Скрывать это от них я бы не хотел, но мне казалось неловко и сообщать об этом баронессе. Печаль в моем лице была неуместна, равнодушие – глупо, а радость – противна. Другое дело девицы: они молоды, и я с ними короче.

Аврора проходила с книгою со своего гамака. Я ее позвал. Она остановилась.

– Не поставьте себе в труд пробежать это письмо.

Она посмотрела на листок и не приняла его, а спросила:

– В чем дело?

Я неловко и застенчиво сообщил ей новость. Аврора выслушала ее так спокойно, как будто она это знала, и отошла, не сказав мне ни одного слова. Непосредственно затем она вошла в дом, и через минуту оттуда, из залы, послышались трудные упражнения на скрипке. За ними служанке не слыхать было, как снова ударил дверной молоток. Я пошел и открыл двери.

Это возвратились баронесса и Лина. У Лины развязалась и упала одна из ее покупок. Я ее поднял и стал завязывать. Баронесса тем временем вошла в дом, а мы остались вдвоем на дворе.

Стоя на одном колене и на другом обвязывая развязавшийся узел, я почти безотчетно достал из кармана полученное письмо и сказал: «Пожалуйста, прочтите», а сам опять опустил глаза к узлу и когда поднял их, то увидал, что за минуту перед этим свежее и спокойное лицо Лины было покрыто слезами.

Она поспешно сунула мне назад письмо, воскликнула: «Gott! О Gott!»13 и скрылась в доме. Аврора теперь стояла у окна, и я видел ее белую маленькую руку и тонкие пальцы, красиво державшие смычок, выводивший фугу.

Глава десятая

Я никогда не желал никому зла. Да; никому, и потому не желал и смерти моей мучительнице и не ожидал, что это случится. Еще более я считал бы за отвратительную гадость мечтать о свободе, пока эта женщина была жива;

но «ведь воля дорога и птичке», а тем более молодому человеку, каким я был тогда, семь лет тому назад. Я чувствовал, что у меня опять есть перья в крыльях, есть шанс на долю счастья в жизни, но мне было странно, что вместе с этим оживляющим меня сознанием я чувствовал мертвящую немощь перед тем, что мне надо объявить свою новость баронессе.

Как? в каких выражениях я ей скажу это?

Я ее так уважал и так дорожил ее мнением, что не мог придумать, каким образом это выразить так, чтобы не вышло ни непристойной радости, ни неуместного и притворного сокрушения.
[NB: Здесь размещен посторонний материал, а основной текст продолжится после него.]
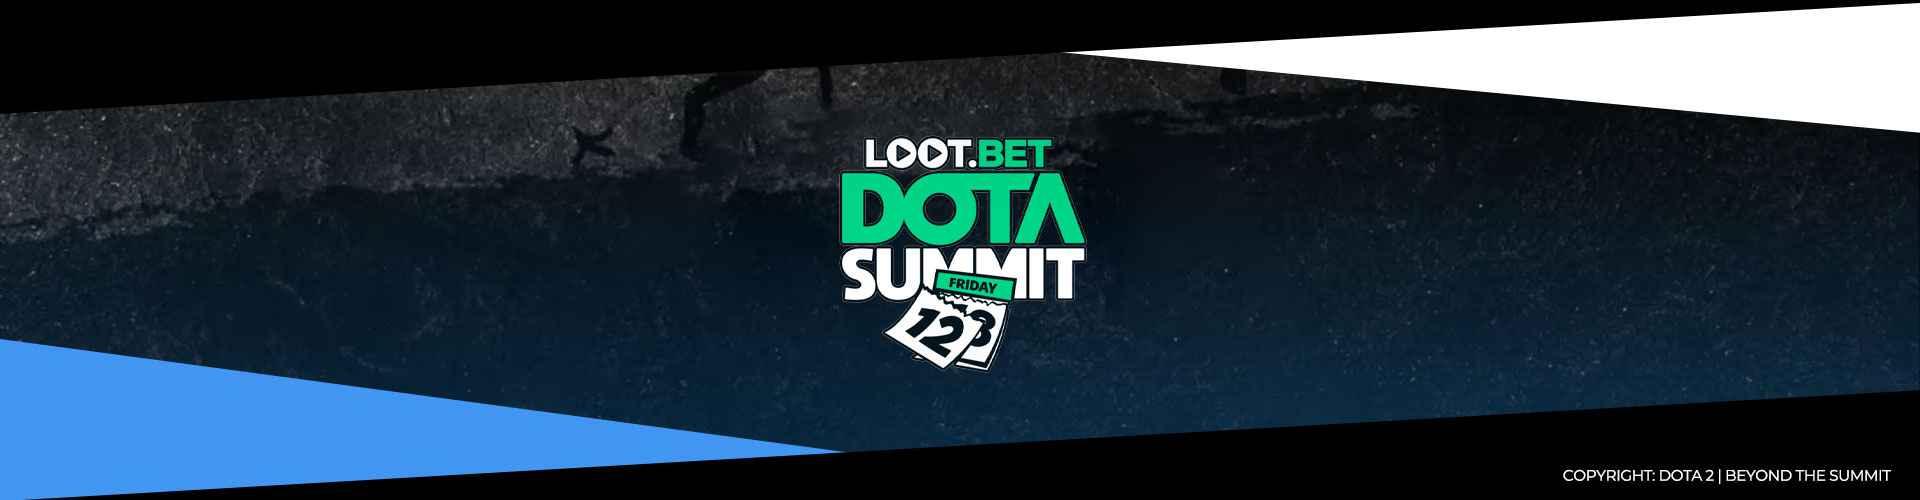 Eventsida för LOOT.BET Dota Summit 12.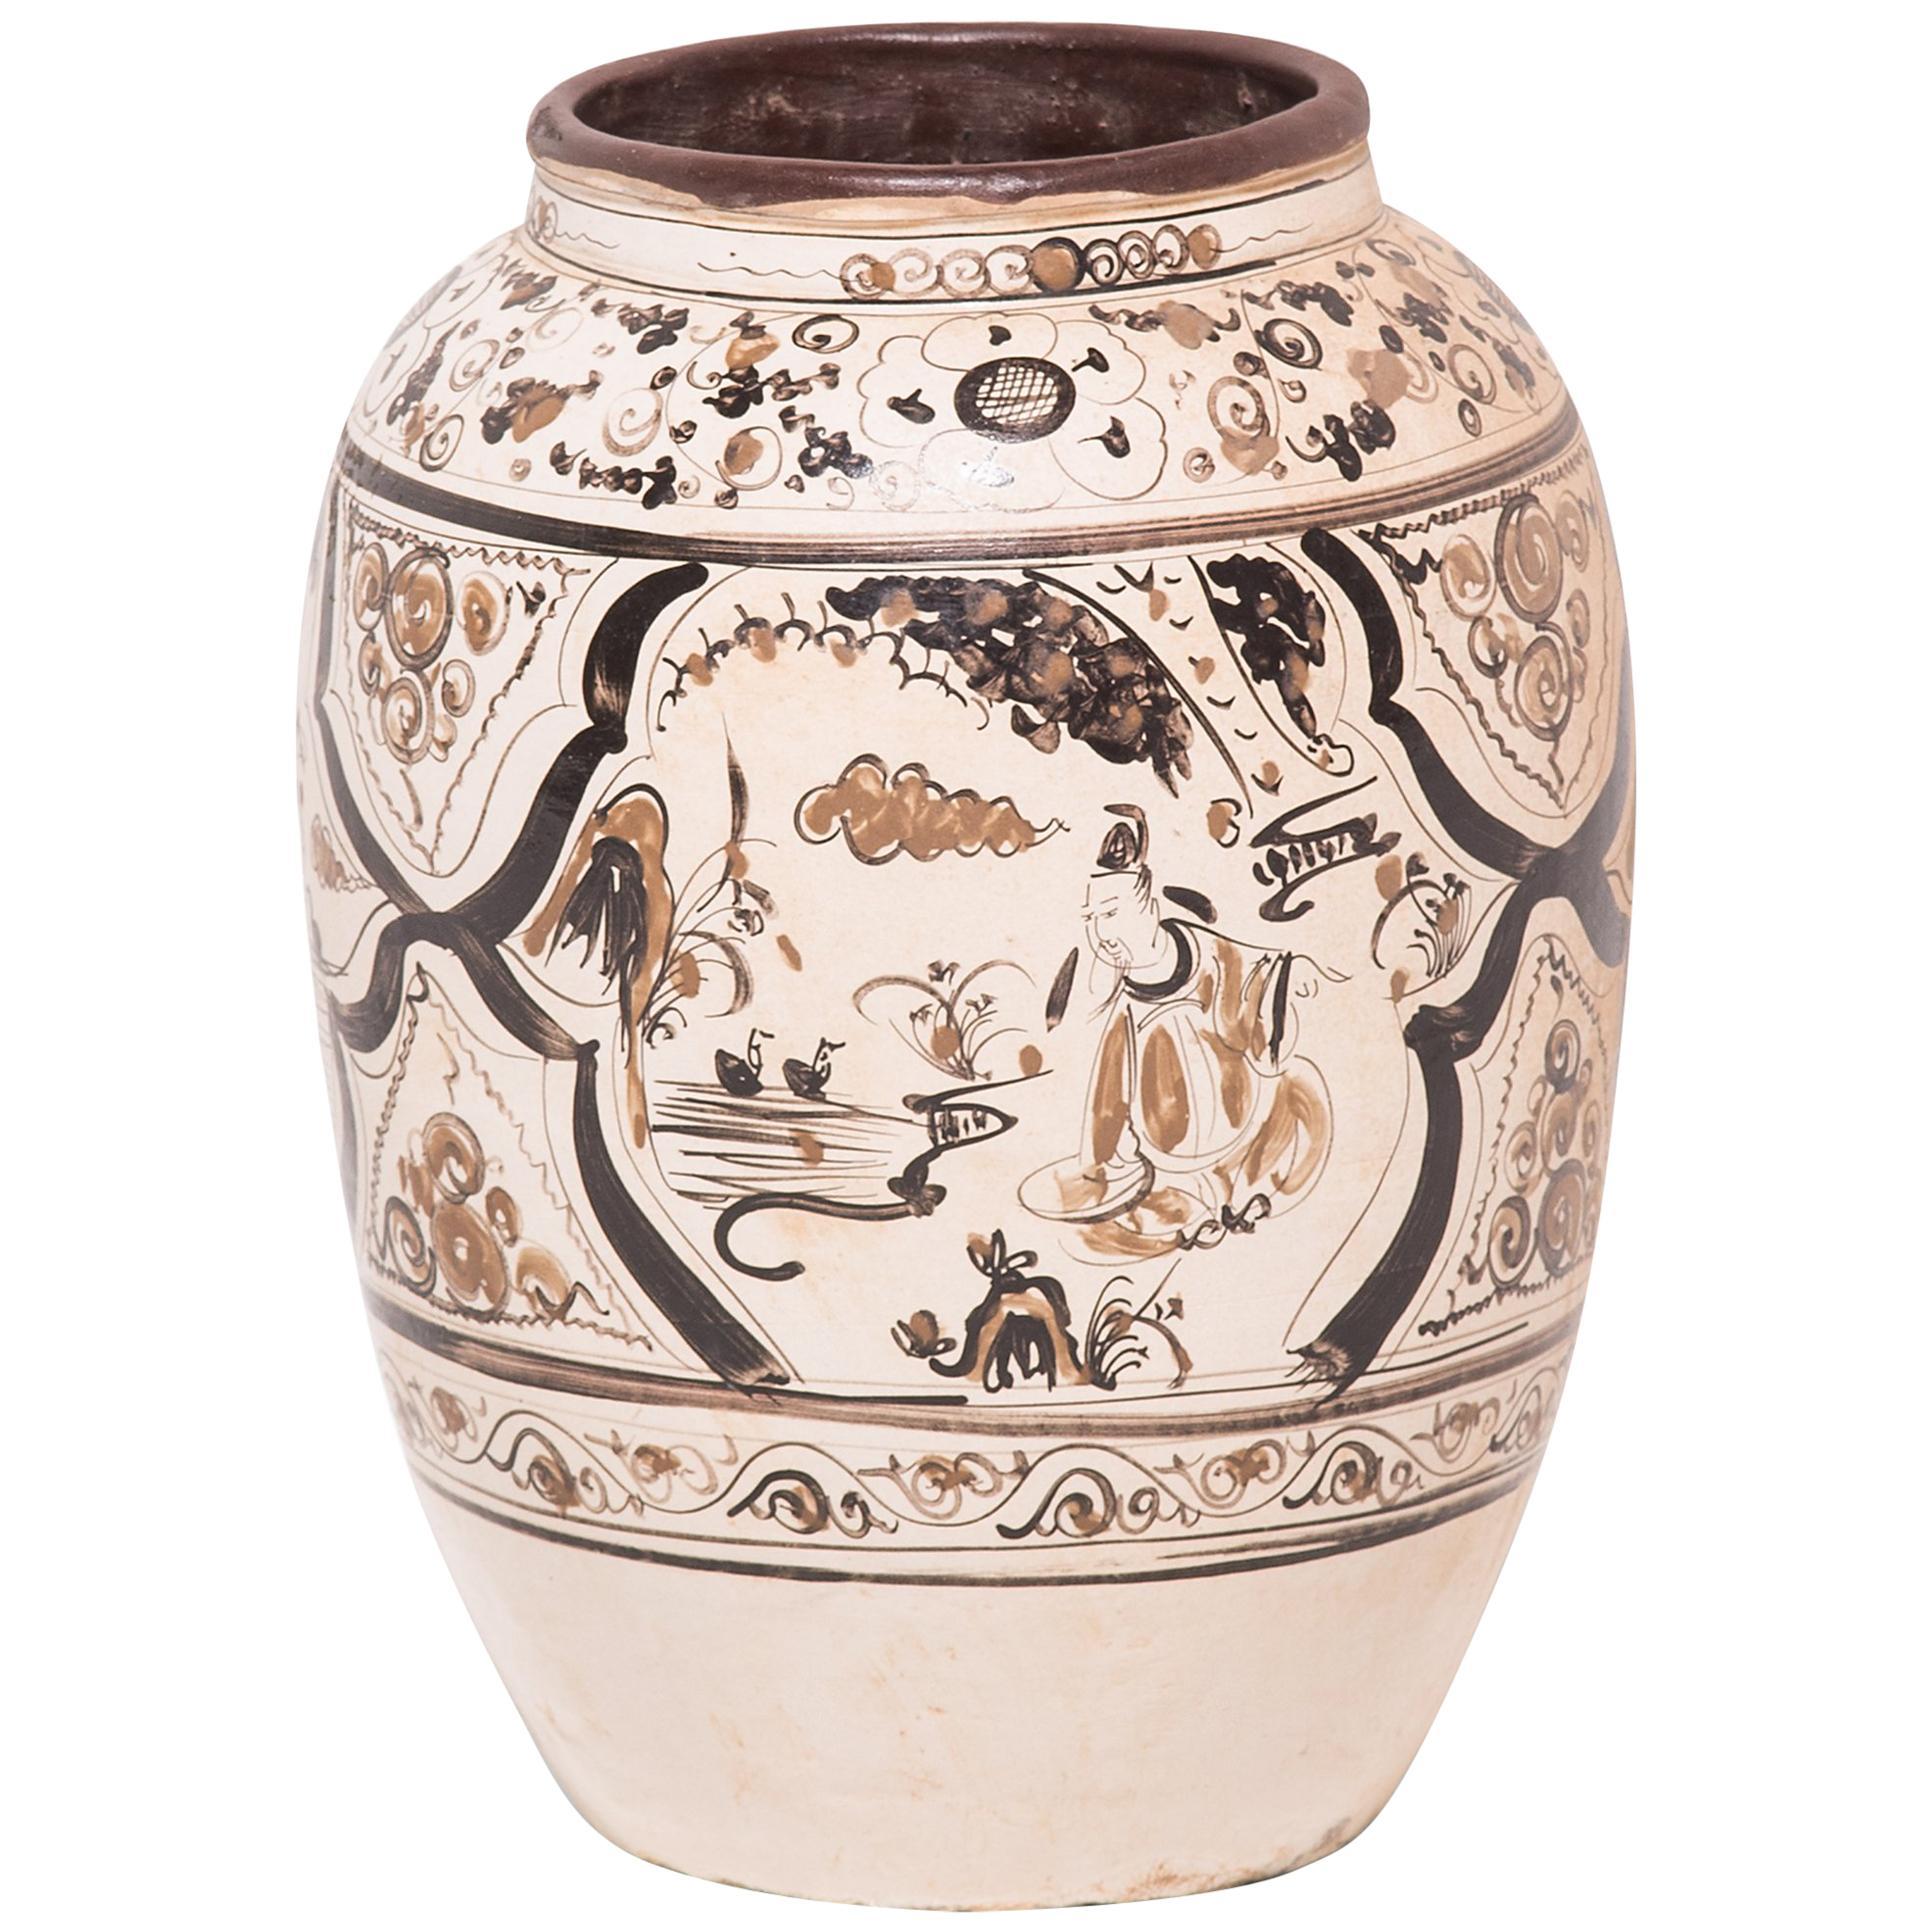 Chinese Qing Scholars' Wine Jar

Но я над этим напрасно ломал голову: мне вовсе и не пришлось говорить об этом баронессе; но у меня также и не оставалось места ни для подозрения, что она этого не знает, ни для недоумения, как она к этому относится.

За столом у нас был такой обычай, что, прежде чем сесть на свои места, все становились на минуту за своими стульями и брались руками за их спинки. Баронесса на короткое мгновение поникала головою. Все мы знали, что она в это мгновение произносила мысленно короткую молитву. Лина тоже следовала примеру матери. Я и Аврора не наклонялись. Это никого не раздражало и не обижало. Здесь понимали, что верить и не верить – это не во власти человека, и о вере не спорили, а прямую искренность умели уважать выше притворства. Потом Лина снимала крышку с суповой вазы, и мы садились, а баронесса начинала нам раздавать налитые ее рукою тарелки.

Нынче это произошло не так. После того как баронесса нагнула в молчании свою голову, она ее подняла и, не отодвигая, по обыкновению, своего стула, взглянула вверх и произнесла вслух:

– Прости всех и убели их грехи твоею кровию.

Лина сказала «Аминь», и они все – мать, дочь и Аврора – взглянули на меня и сели.

Обед прошел своим чередом. Я все понял. Порою мне думалось: зачем они, протестантки, молились за умершую? Потом мне подумалось, что это они молились и за меня и за других, «за всех». Мне припомнились первые дни и первые разговоры в этом дорогом мне колыванском семействе, и тогдашний вздох баронессы, и ее слова: «Спаси нас от них, но и их спаси от нас, потому что и мы слишком мало делаем или ничего не делаем».

Какая гармония чувств и ощущений! Какая во всем этом деликатность, и грация, и теплота, и ширь, и свобода! Кто мог бы устоять против тихого, но неодолимого обаяния этого круга, исполненного благодати! Конечно, не я. Если бы я в ту пору, несмотря на мою молодость, в двадцать пять лет не был уже нравственным калекою, с изломанной и исковерканной прошедшею жизнью, – я бы, конечно, занесся мечтами и, может быть, возмнил бы себя вправе претендовать на более тесное сближение с этим семейством. Но Провидение дало мне каплю рассудка и каплю честности; я знал всю разделяющую нас бездну, я понимал их недосягаемую для меня чистоту и свою омраченность. Что бы там ни заговорил за меня какой-нибудь софизм, я все-таки был виноват, я путался в недостойных историях, водился с безнравственными людьми, и волей неволей ко мне все-таки прилипла грязь моего прошедшего. Я знал, что я ни о чем не смею думать и что мне нет, да и не нужно поправки; но тем не менее я вспомнил теперь, что я здесь не крепок, что я тут чужой, что эти прекрасные, достойные девушки непременно найдут себе достойных мужей, и наш теперешний милый кружок разлетится, и я останусь один… один…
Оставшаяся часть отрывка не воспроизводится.